D. Public Relations Professionals Not Covered by Attorney-Client Privilege
The case of People v. Osorio details the scope of privilege, further explaining that “Communications made to counsel through hired interpreter, or through one serving as agent of either attorney or client to facilitate communication, generally will be privileged; however, scope of privilege depends on whether client had reasonable expectation of privacy, not on the third party’s employment or function.” People v. Osorio, 75 N.Y.2d at 84. This means that the third party does not have to take on one specific role to meet the requirements of the privilege.
It is interesting to note the parallel between our current case and existing case law discussing attorney-client communications with public relations firms. Federal judges typically apply New York privilege law to include attorney communications with public relations firms within the agency exception to the rule that non-party communication constitutes a waiver of attorney-client privilege.
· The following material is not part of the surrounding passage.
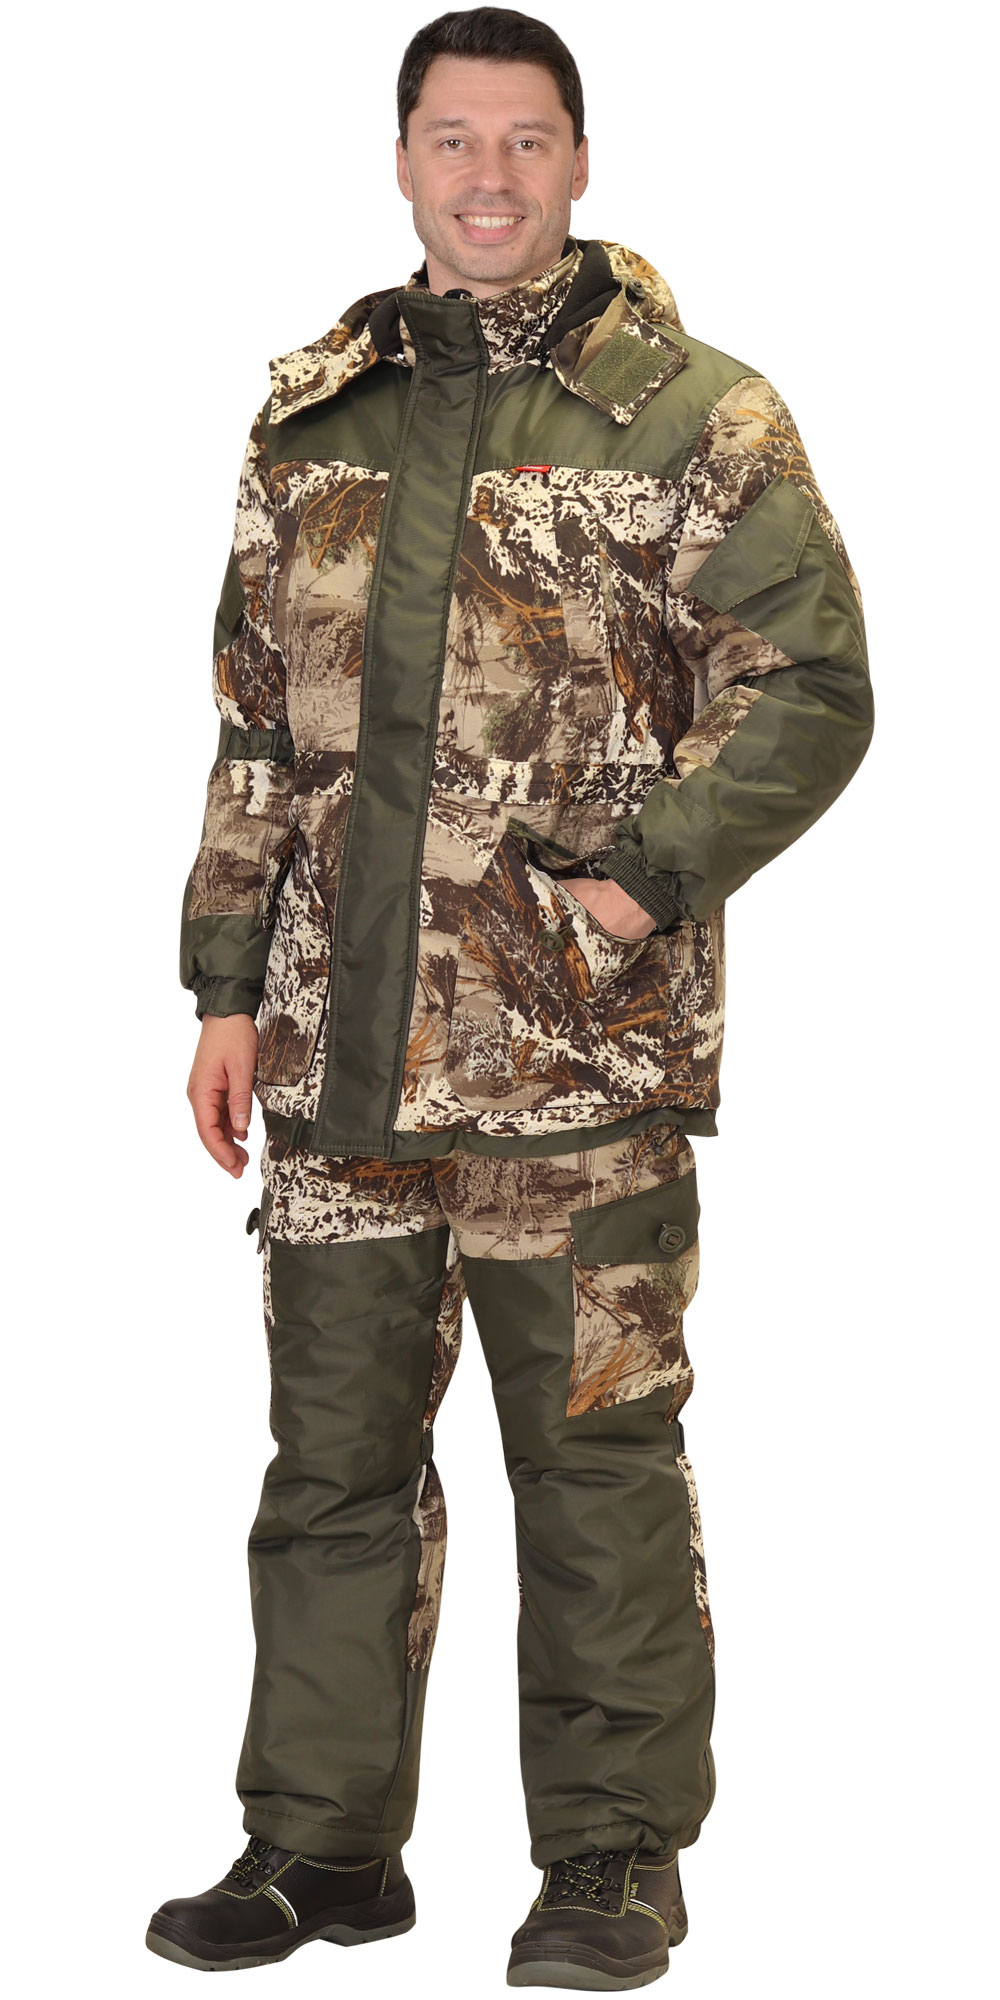 Зимний костюм "СИРИУС-ГОРКА" мужской, утепленный (куртка и брюки), цвет: КМФ Серый мох, ткань: смесовая

In re Grand Jury Subpoenas dated March 24, 2003 involved a public relations firm that was retained by lawyers to help them create favorable publicity during the time of a high-profile grand jury investigation. In re Grand Jury Subpoenas Dated March 24, 2003, 265 F. Supp. 2d 321 (S.D.N.Y. 2003). The goal here was to lessen pressure on prosecutors to obtain an indictment. Therefore, the public relations function performed here was described as a “lawyer’s public advocacy on behalf of the client,” id. at 329. More importantly, the function was deemed necessary to achieve a goal of litigation. The court concluded “the assertion of the privilege could be justified only if the communications involving the public relations consultants would either promote “observance of laws” or “the administration of justice.” See id. at 329-30.
Conclusion
The documents challenged by Bernard Gilfile are most likely not protected by attorney-client privilege since privilege is waived here. The scenario in this case unfortunately does not satisfy both prongs of the standard two-prong test to evaluate the third-party agency exception to waiver of attorney-client privilege. While there exists a reasonable expectation of confidentiality under the circumstances, there does not exist a necessity of disclosure for the client to obtain informed legal advice.